» Work request:
Repeat the listing below in full and exactly, but without its pictures.

» Data below:

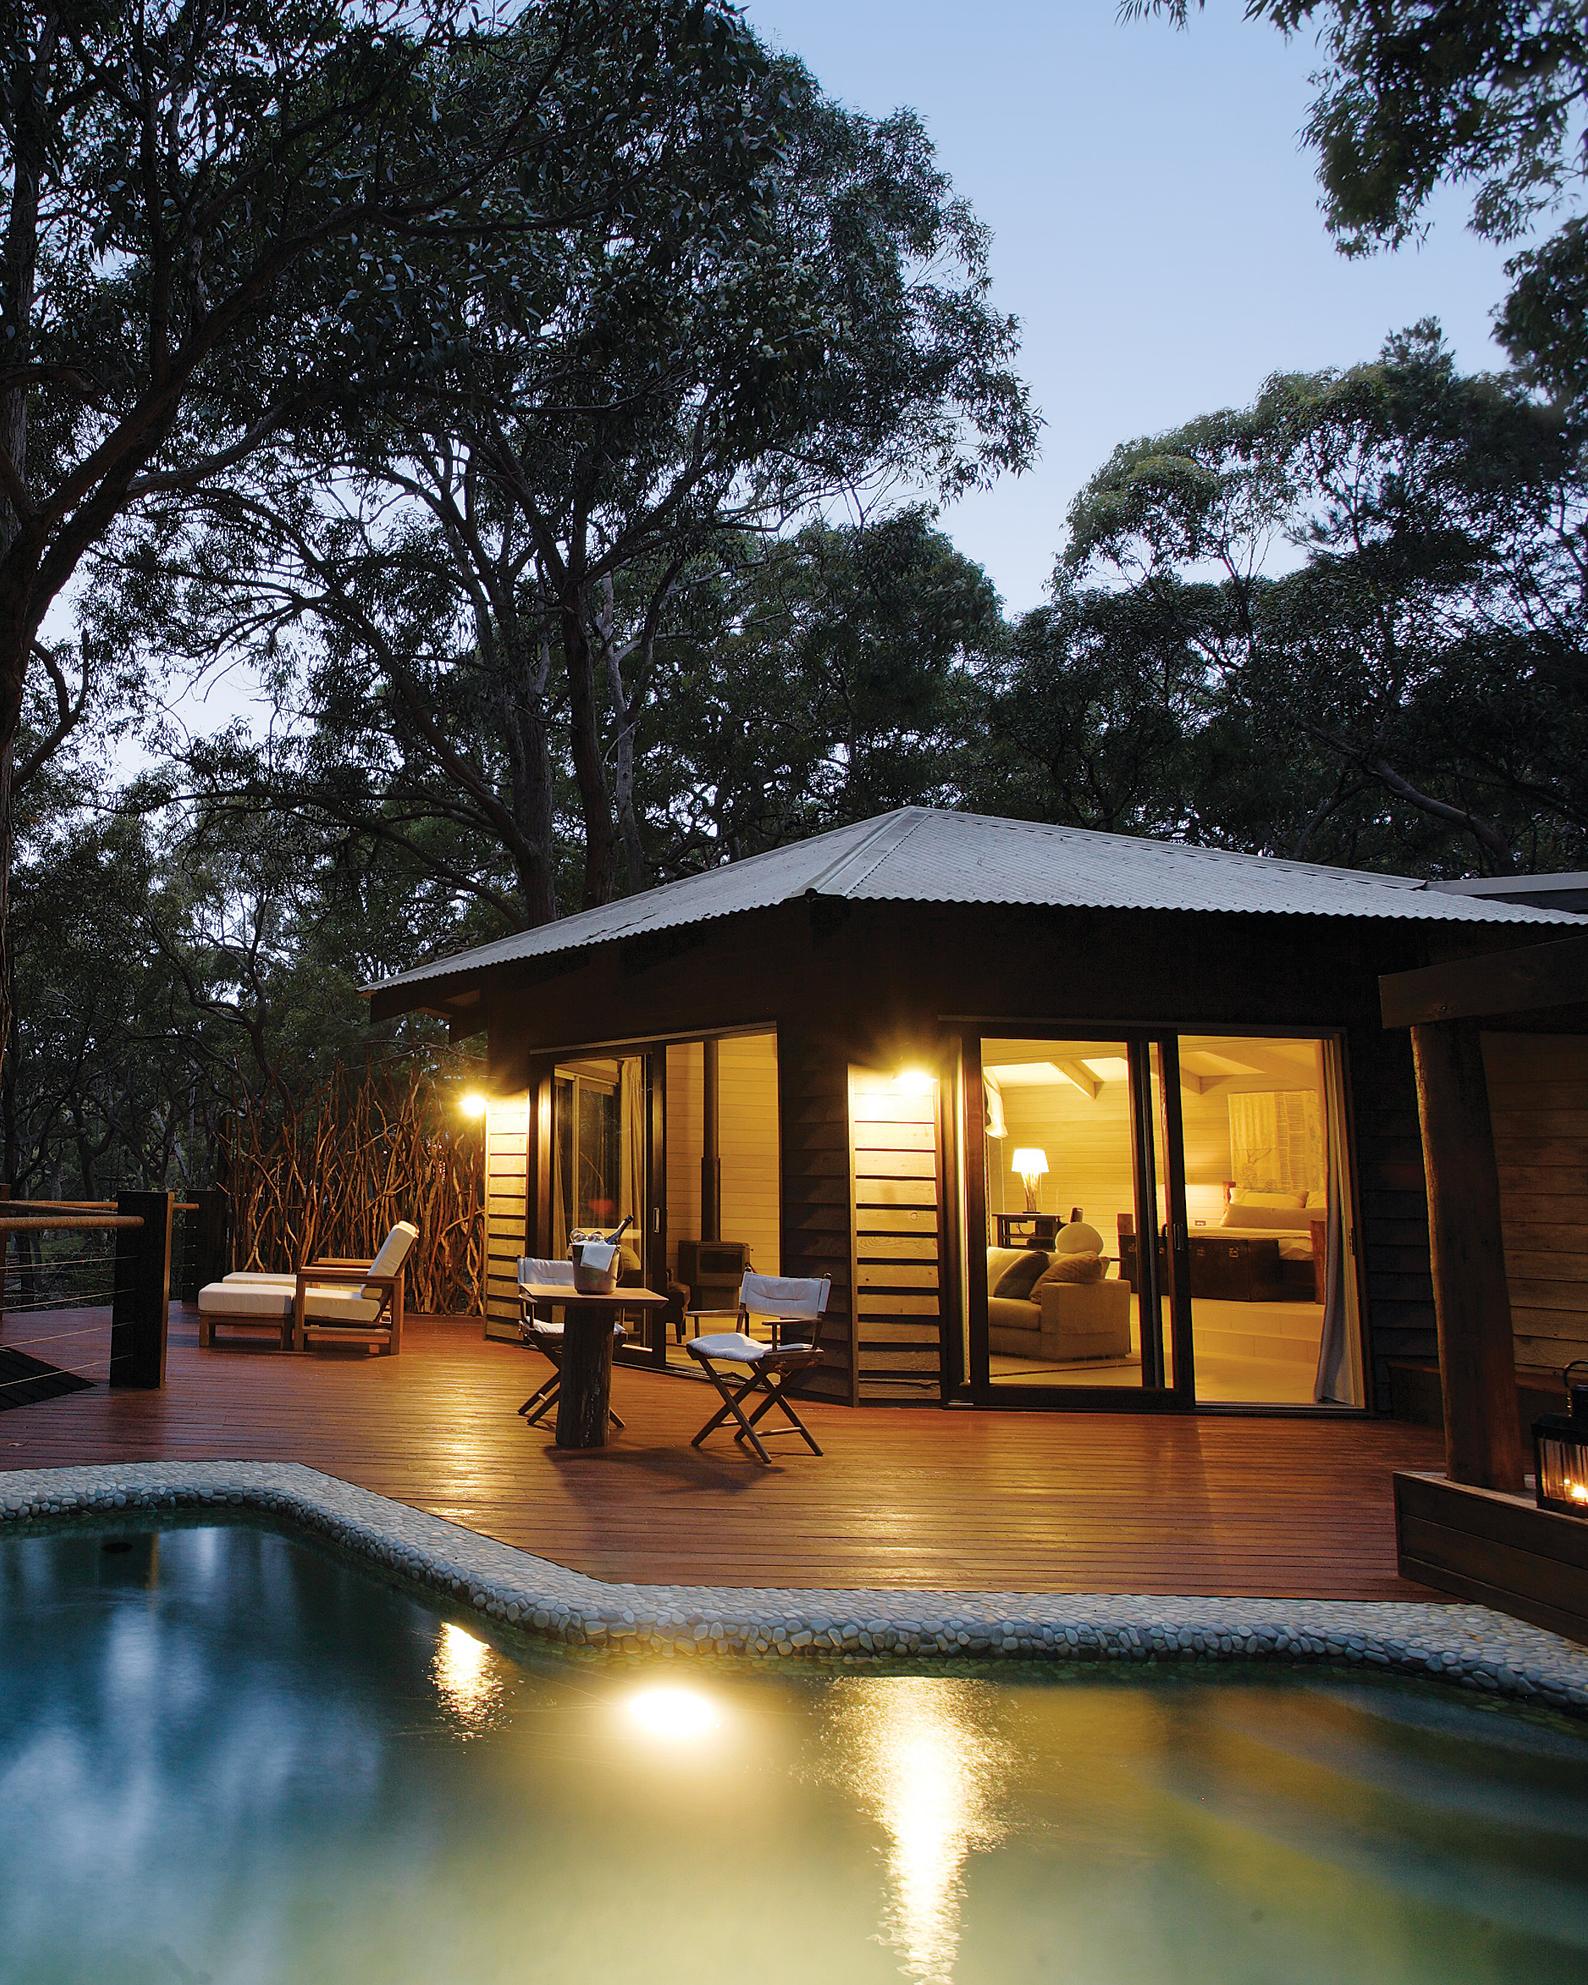 beach-house-australia-mwd1011mmsmith.jpg
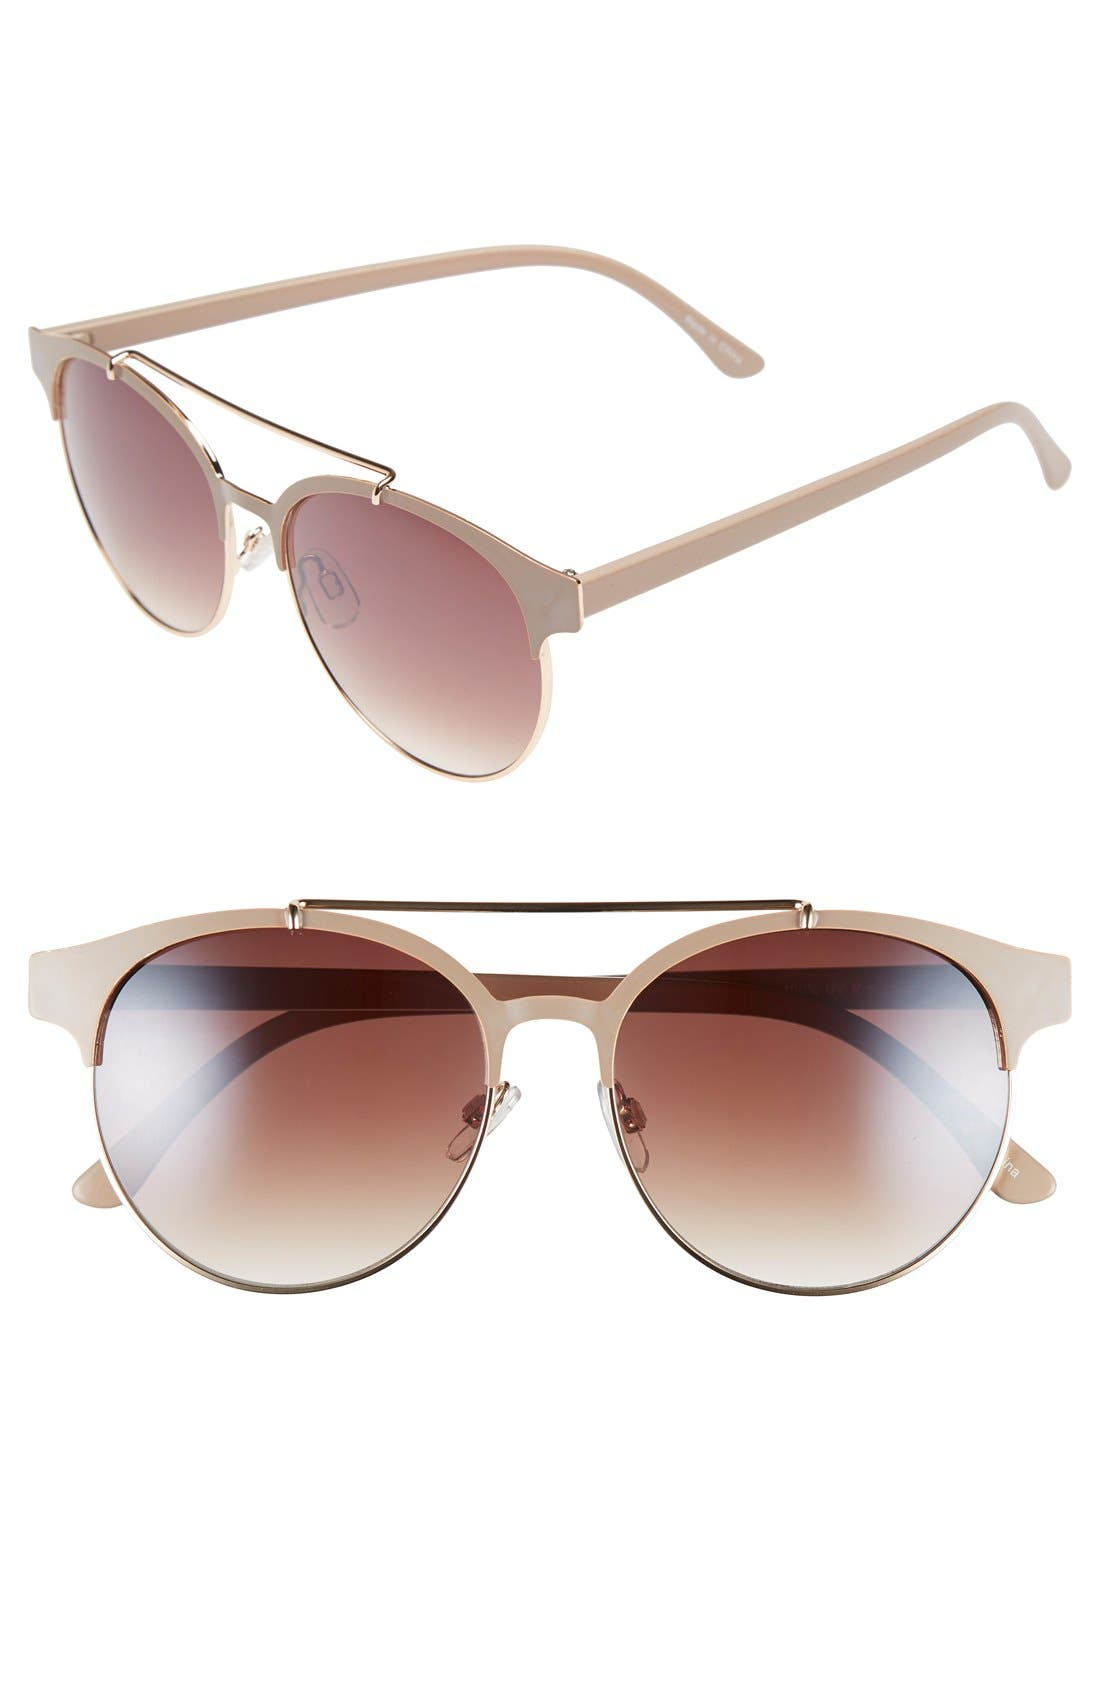 55mm Round Sunglasses,                             Main thumbnail 3, color,
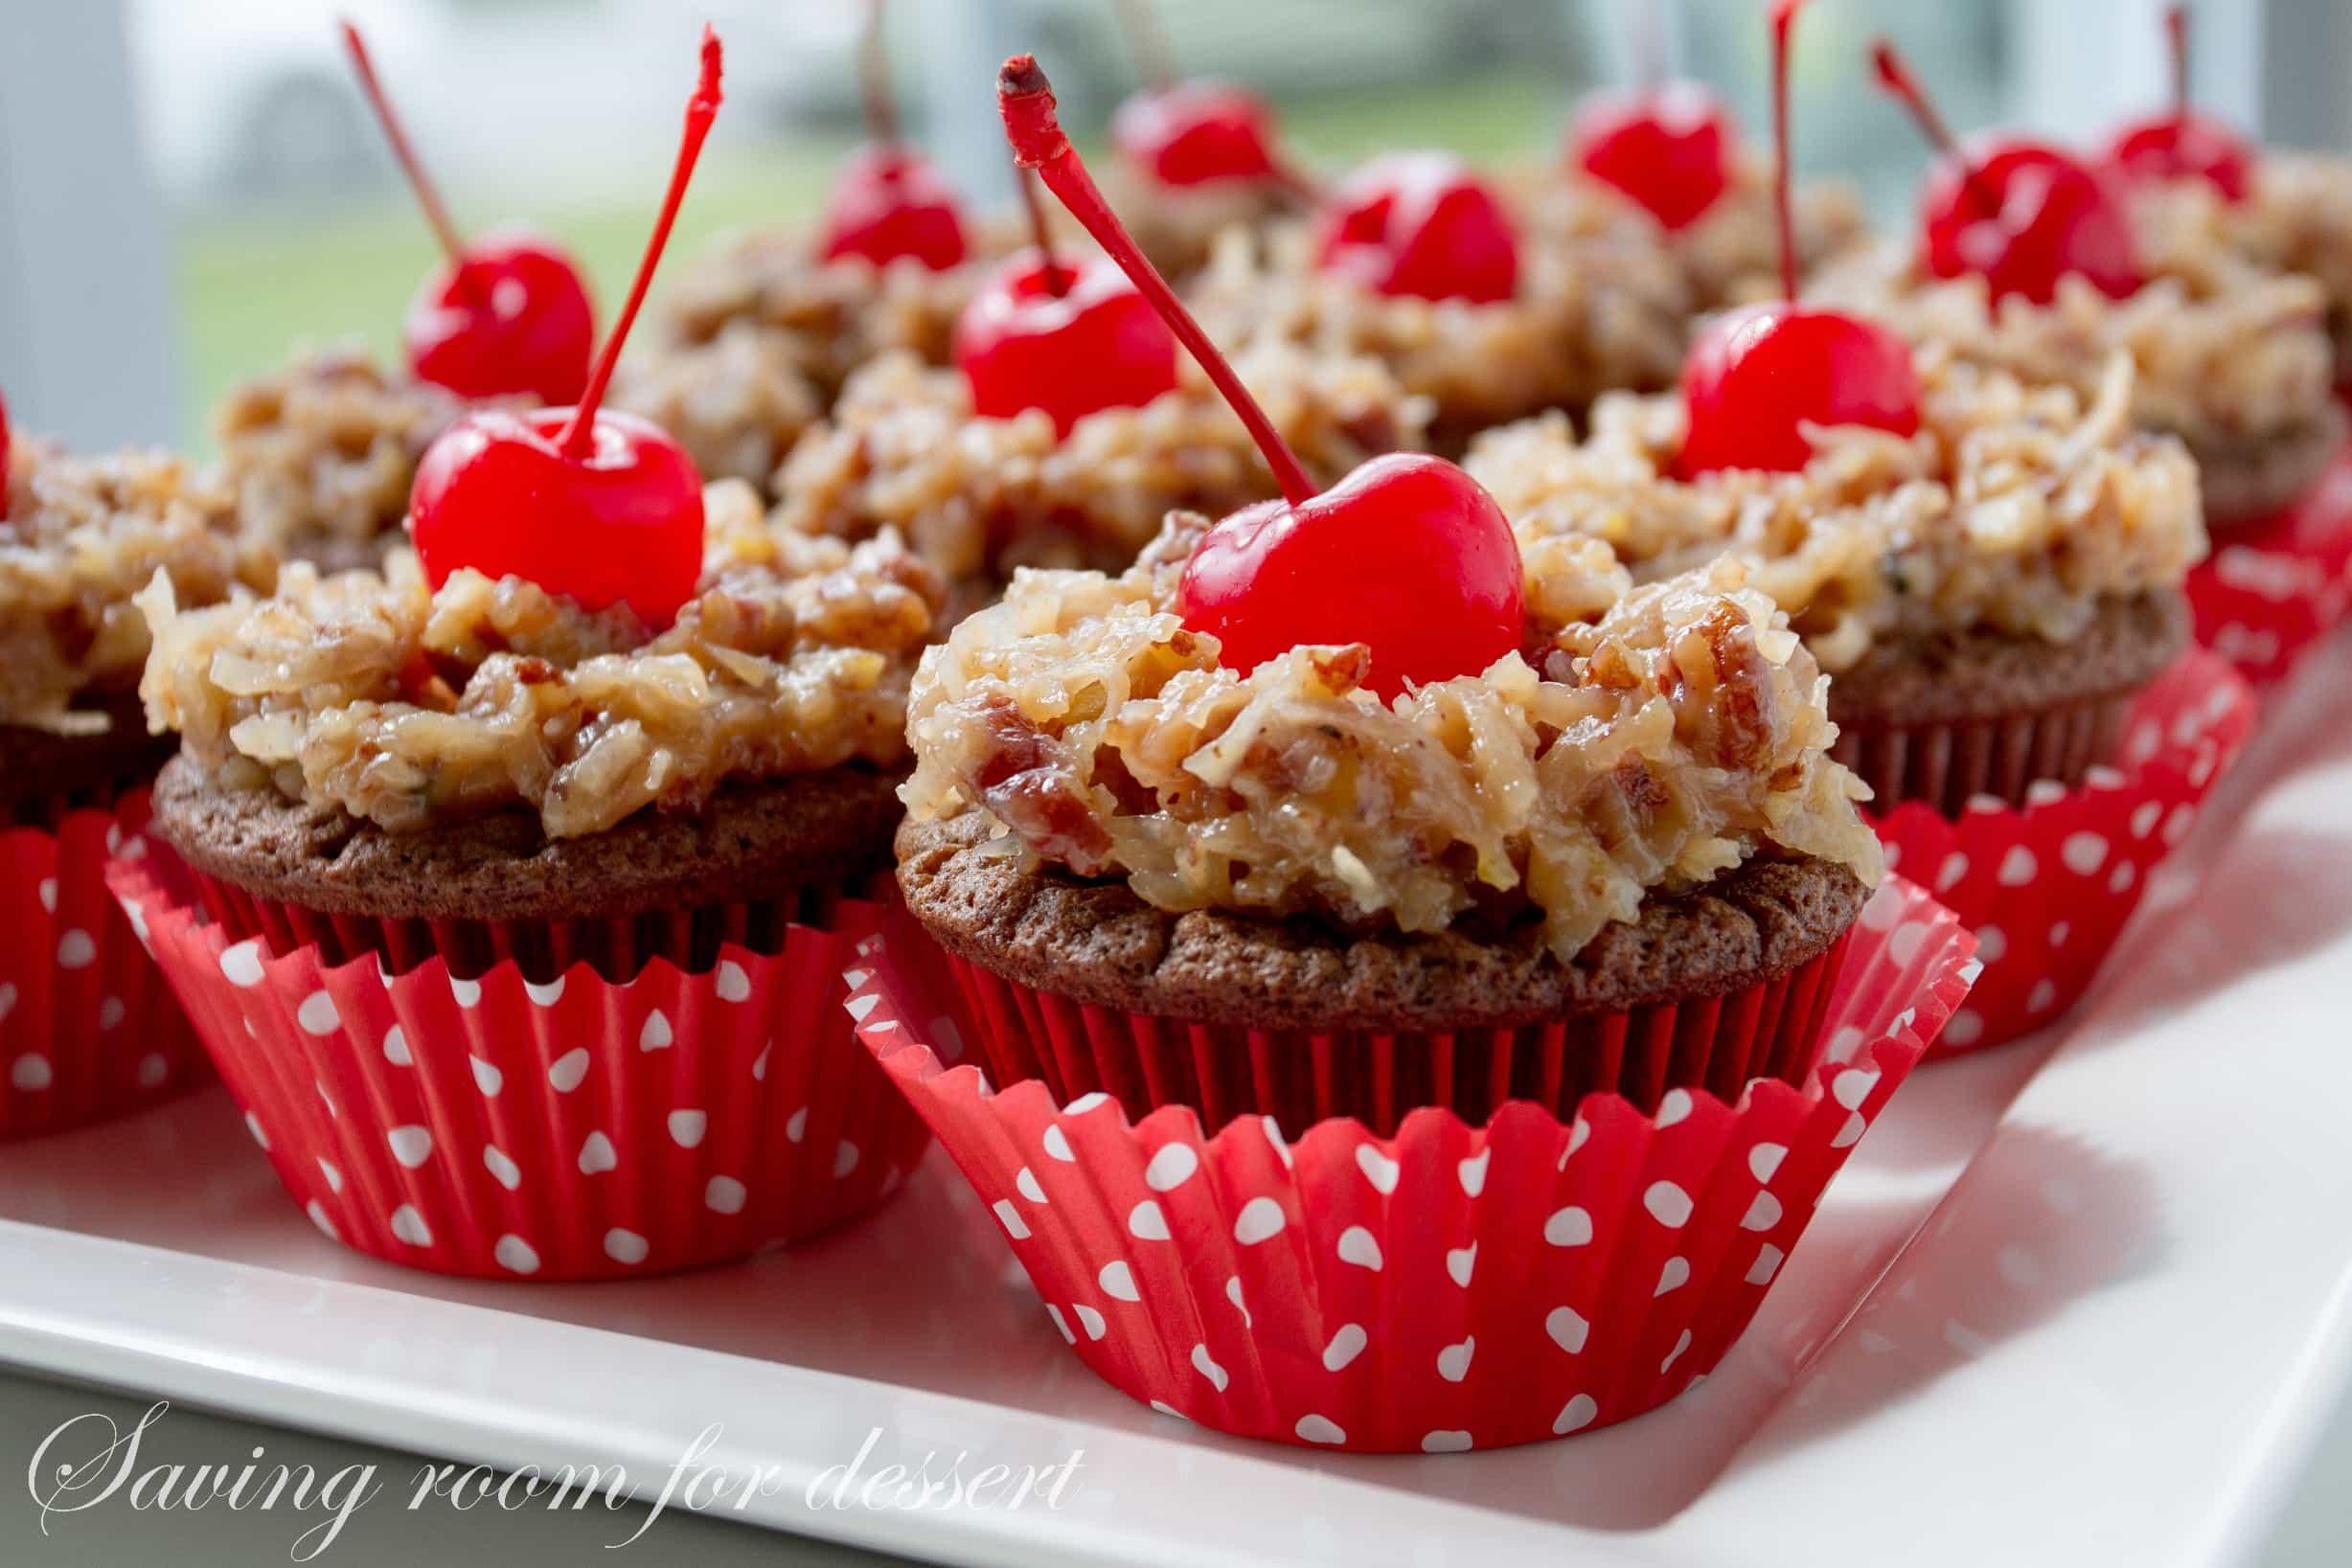 German Chocolate Cupcakes - Saving Room for Dessert

» Result:
 beach-house-australia-mwd1011mmsmith.jpg
 55mm Round Sunglasses,                             Main thumbnail 3, color,
 German Chocolate Cupcakes - Saving Room for Dessert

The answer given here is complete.